:: RECORDS SHOWN ::
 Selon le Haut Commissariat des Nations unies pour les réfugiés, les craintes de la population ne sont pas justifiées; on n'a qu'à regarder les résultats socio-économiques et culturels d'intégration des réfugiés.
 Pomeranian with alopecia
:::
:: RECORDS SHOWN ::
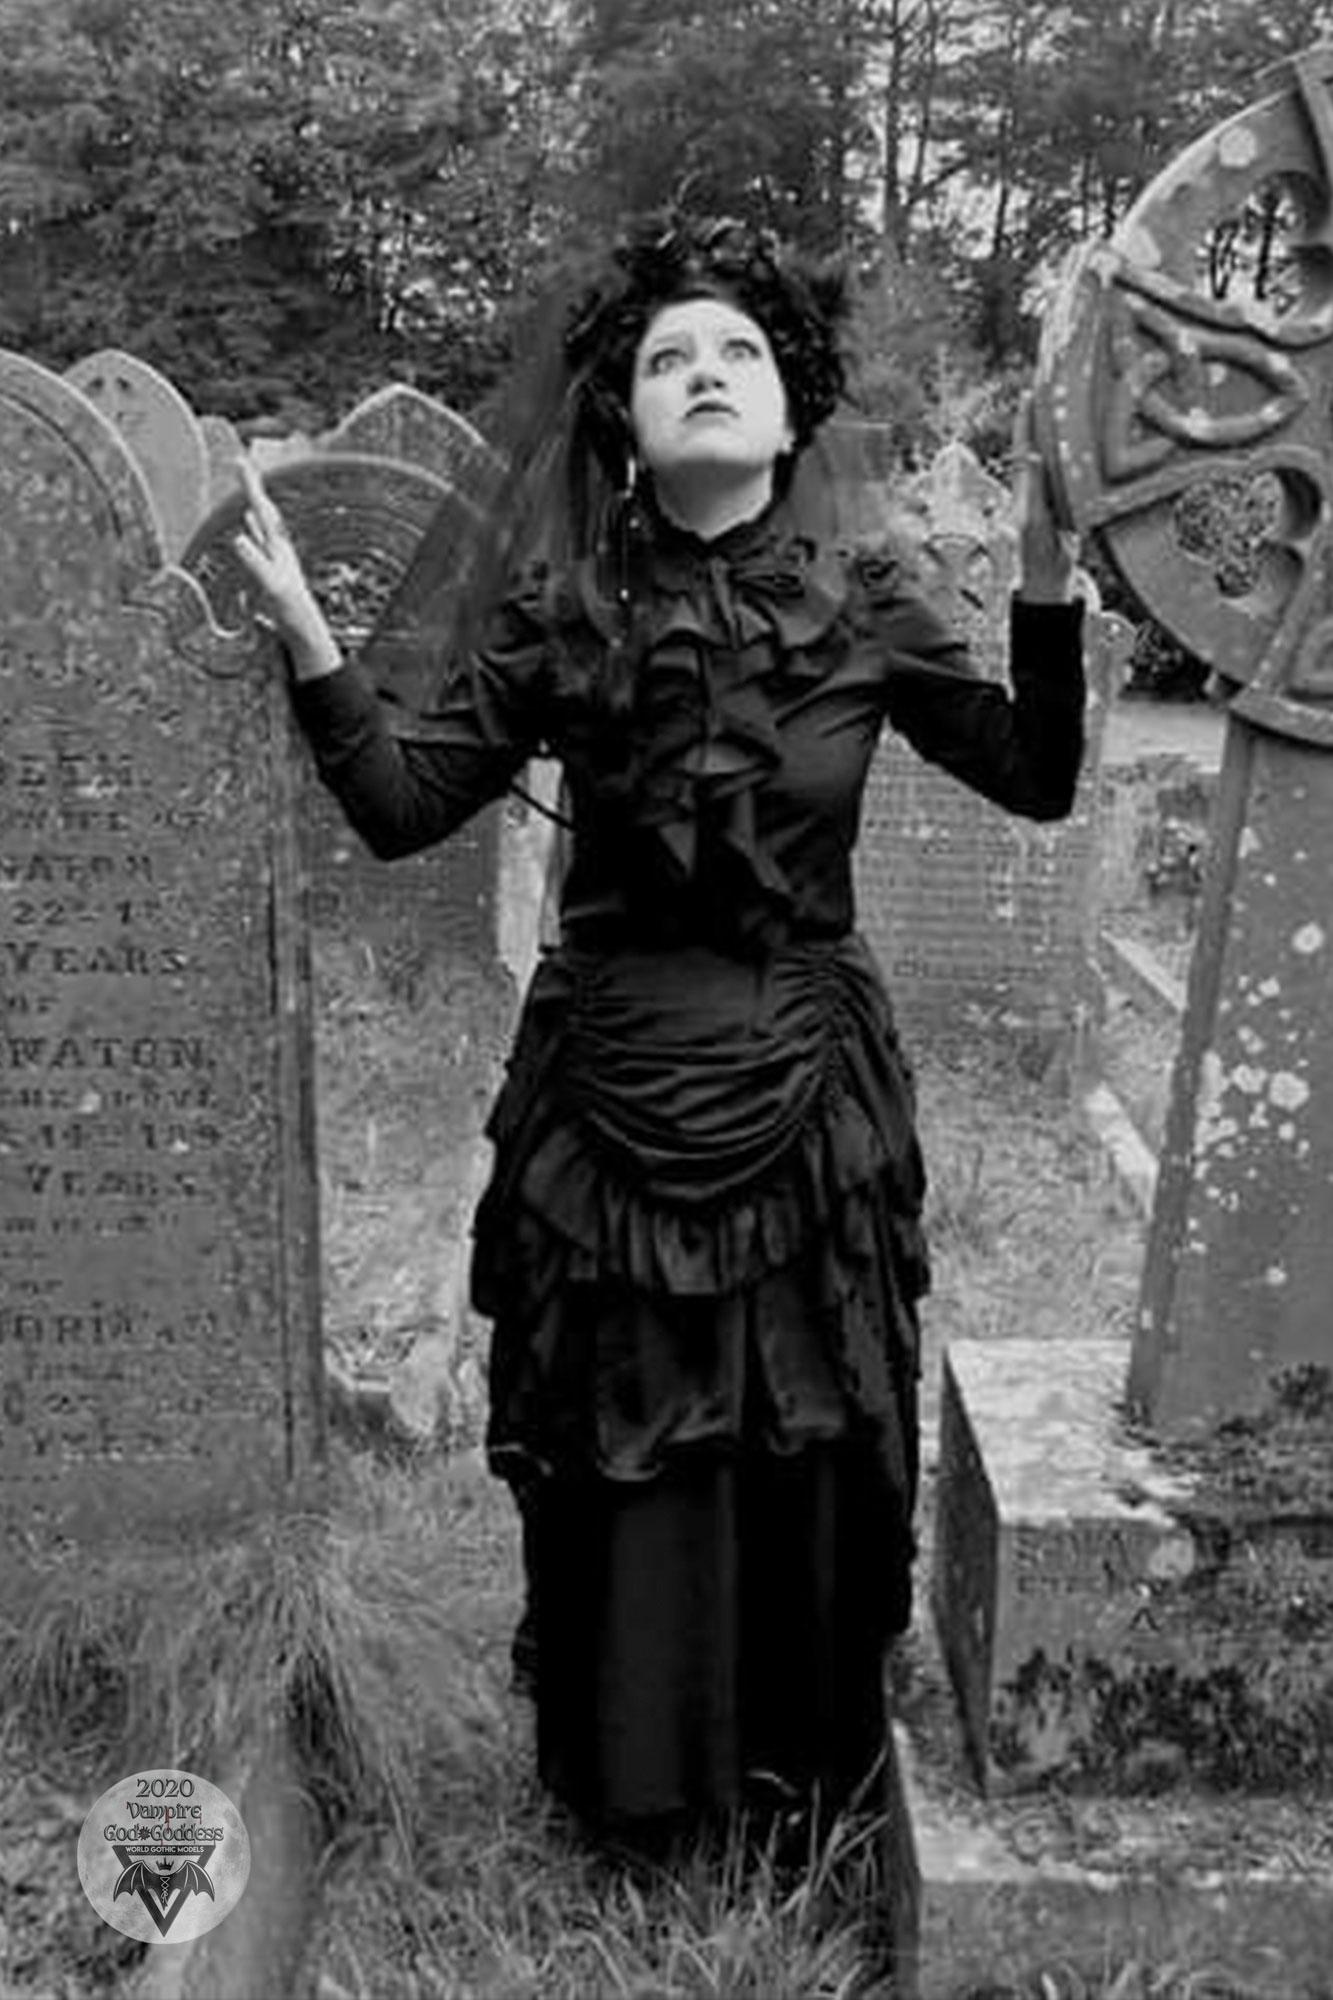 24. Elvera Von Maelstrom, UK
:::
• WHAT THIS TASK INVOLVES:
All lines above from the line with "Selon le Haut" through the line with "Pomeranian with alopecia", both included, are to be set down exactly, with nothing else.

• ANSWER:
 Selon le Haut Commissariat des Nations unies pour les réfugiés, les craintes de la population ne sont pas justifiées; on n'a qu'à regarder les résultats socio-économiques et culturels d'intégration des réfugiés.
 Pomeranian with alopecia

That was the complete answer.